Pick a P&L format and periods that you think are relevant and can tie back to your audited (I assume) financials and highlight any unusual items line by line. One off sales, sales of excess or obsolete inventory, unusual charges, atypical promotions etc.... It may be interesting to look at your corporate tax return (assuming you're a C corp) and the reconciliation between tax and book earnings to see if anything jumps out at you as unusual. If you have a spare weekend, get Thronton L. O'glove's book Quality of Earnings. It's an interesting read and my help bring out items you wouldn't have considered. Enjoy.
There are templates for such a summary of earnings that I have used and/or developed over the years. Typically these QofE templates are very similar among Big 4 advisors who prepare them. If the VC/PE firm is looking to acquire a company, the QofE will also (or should also) include a distinct analysis of owner 'add-backs'. While every company has its nuances, the VC/PE acquirer tends to normalize performance metrics used across its portfolios and so some of the standard earnings measurements (and the underlying detail and commentary) are often generically applied in a QofE analysis.
I have examples if required.
Courtesy of Tony Enlow. https://www.proformative.com/og/resource/general-content/quality-earnings-presentation. Enjoy!

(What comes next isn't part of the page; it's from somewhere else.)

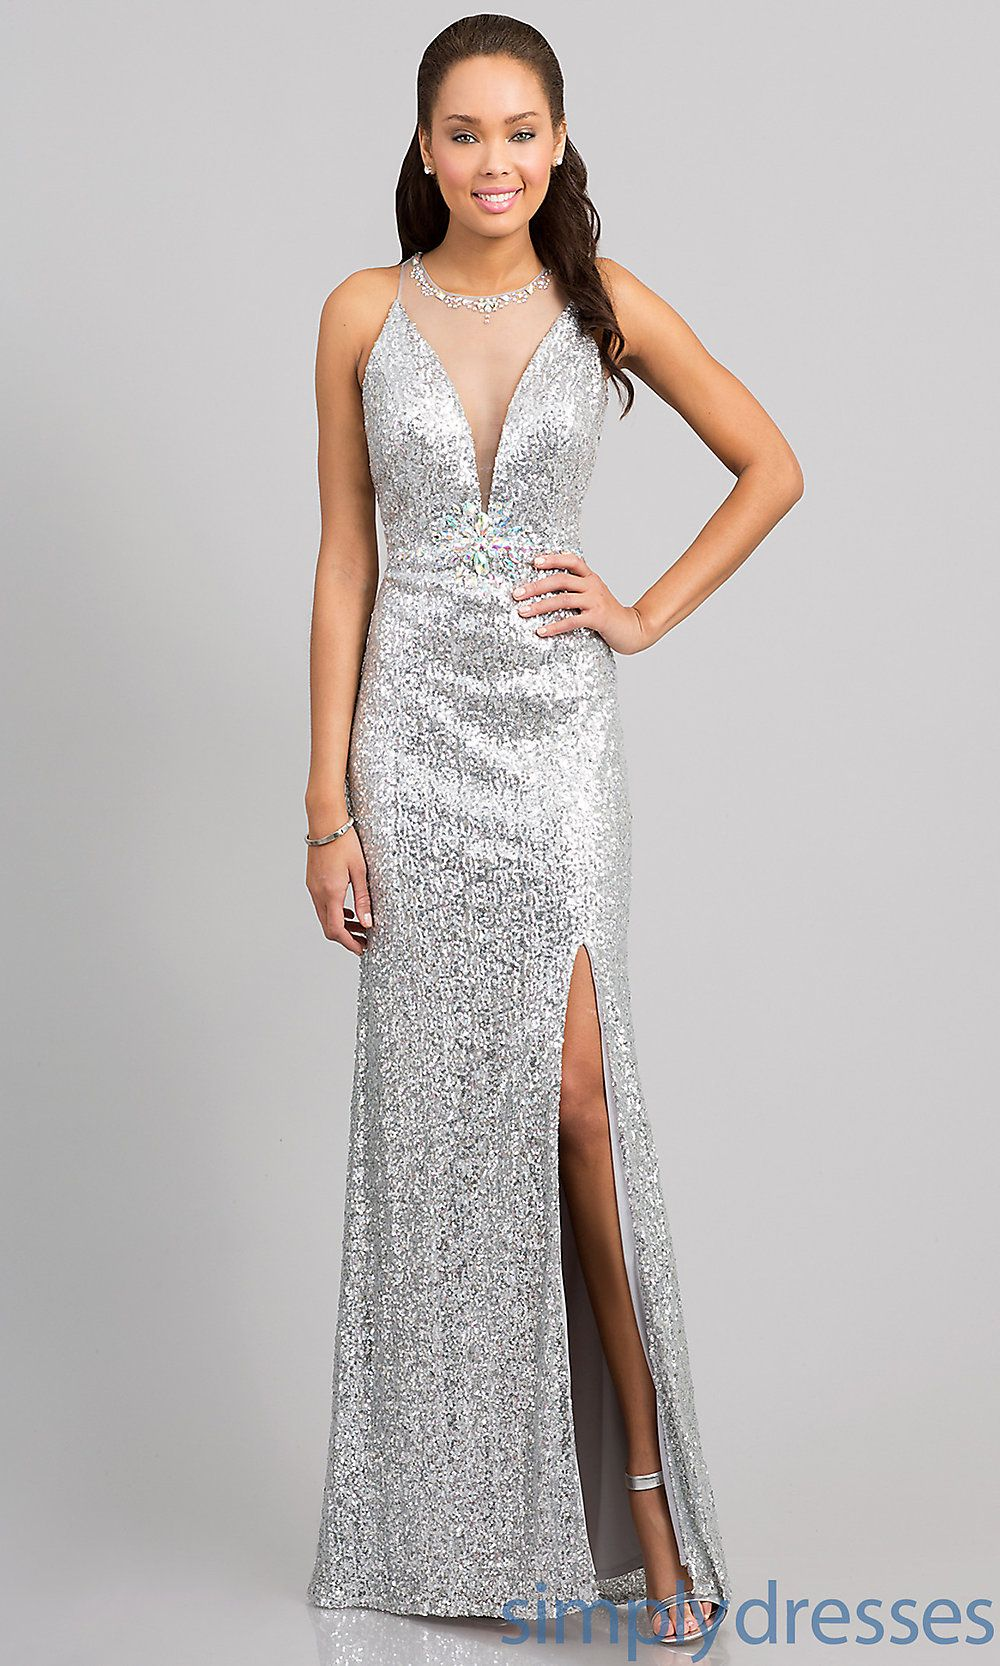 Dress floor length sleeveless sequin dress simply

I have never used a QofE template. It has always been different things in different situations. The goal of a QofE is for PE firms to catch strange items in your financials before they take a closer look. You may start with EBITDA for the last few years. Also show them cash flows. If they come back with more questions, find out what exactly they would like to see.
The simple way of doing the Q of E is take your standard P&L, down to Reported Ebitda, create a section called management addbacks and add in one off expenses that you would define as non core to running your business. Usually legal or consultancy costs. A PE firm should accept that, as they wouldnt really expect you to have a Q of E unless you had retained advisors to compile it for you. But if you think you have alot of issues, hire some one to work through it for you.